How Amin announced plan to return Muteesa’s remains

Mr Sebastian Kitayimbwa during the interview at his home in Ntete Lwebitakuli, Sembabule District.

PHOTO BY HENRY LUBEGA

What you need to know:

  • Witness special. On November 22, 1969, news begun to filter in that exiled king of Buganda Kabaka Edward Muteesa had passed on in London. He had died in his flat from what an autopsy report called “acute alcohol poisoning”, though others suspected he was poisoned by former president Milton Obote’s agent. On December 3, 1969, Muteesa was temporarily buried at Kensal Rise cemetery in London, but soon after overthrowing Obote’s government, president Idi Amin announced plans to return Muteesa’s remains to Uganda. In the first part of our five-part series, Sebastian Kitayimbwa tells Henry Lubega how Amin broke the news.

I was still recovering from the excitement of being released from jail where I had spent five years as one of the officials of Buganda Kingdom jailed after the 1966 Crisis.
A meeting was called in Kampala [by former president Idi Amin] for former Buganda Kingdom officials. We were now being referred to as the Bataka ba Buganda.

We went for the meeting without knowing the agenda. By then he [Amin] had not shown his true colours. The last thing we had in our minds was the announcement of the return of the remains of Sir Edward Muteesa.
We were invited to the Parliament Building; we all assembled early enough and waited up to around midday when he showed up.

The meeting, which lasted for about three hours, was characterised by tension. It was not until he announced the decision to return the body that many of us felt relaxed.

He started the meeting by explaining to us why he had overthrown the Milton Obote regime, saying Obote had bad behaviours towards the people of Uganda. He went ahead to say they as soldiers were being used by Obote to do bad things to the people of Uganda against their will.

When he told us that he was going to return Muteesa’s remains, there was ululation, clapping, handshaking and hugging among the Bataka ba Buganda in attendance.
Amin went on to say there was no reason as to why the body should not be brought back home and be buried at his ancestral home.

He went on to tell us that despite the disagreement that came between him and the late Muteesa, the former kabaka was his master and they had a good working relationship.
During the meeting, he explained the good that Muteesa had done for people outside Buganda and how he welcomed them into Buganda.

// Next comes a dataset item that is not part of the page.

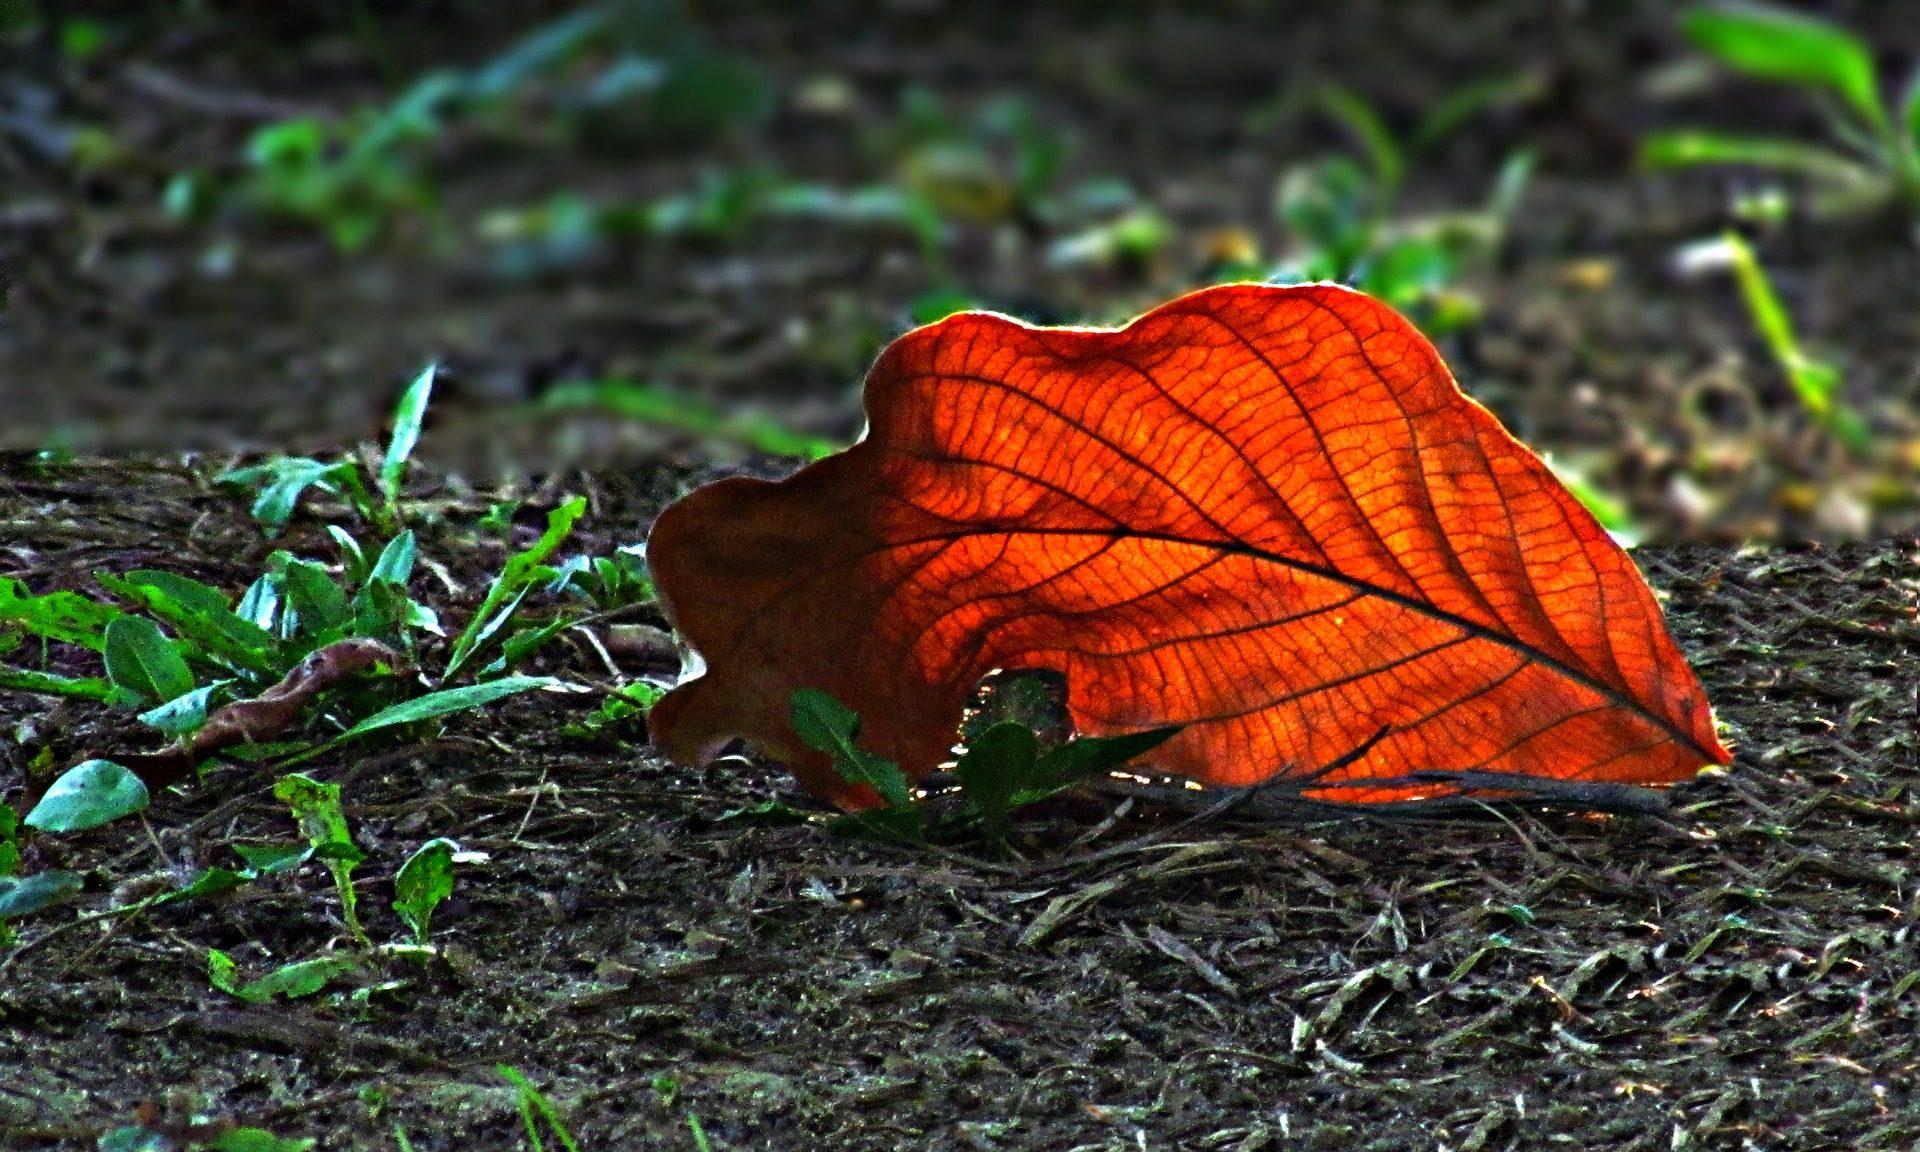 folha, folhas caídas, campo, grama, Terra, Outono - Papéis de parede HD - Professor-falken.com

He went ahead and announced the dates during which the body was to be returned and he declared days of mourning which were also declared public holidays.
A committee to oversee the preparations for the return of the remains was put in place. He also told us to go ahead and plan for our traditional functions related to the burial of the kabaka.

Amin went on to advise us not to let Prince Ronald Mutebi stay in Uganda. He said in case anything happened to him, ‘people would blame me, when I don’t know who has done it’.

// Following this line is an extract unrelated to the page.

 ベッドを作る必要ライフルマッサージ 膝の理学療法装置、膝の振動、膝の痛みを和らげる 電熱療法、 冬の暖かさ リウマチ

Following that meeting, we as the Bataka agreed with the proposal and from within us a committee was selected to start the preparation for the return of the remains. Several meetings were held, though I was not part of them.
When the body returned on March 29, 1971, I went to pay my last respect to my king whom I loved so much and had risked my life for.

Seeing him in the glass casket at Namirembe and Bamunanika was very painful, considering what I went through to see him get out of the country after the attack on his palace. I was imprisoned because of helping him go to exile.”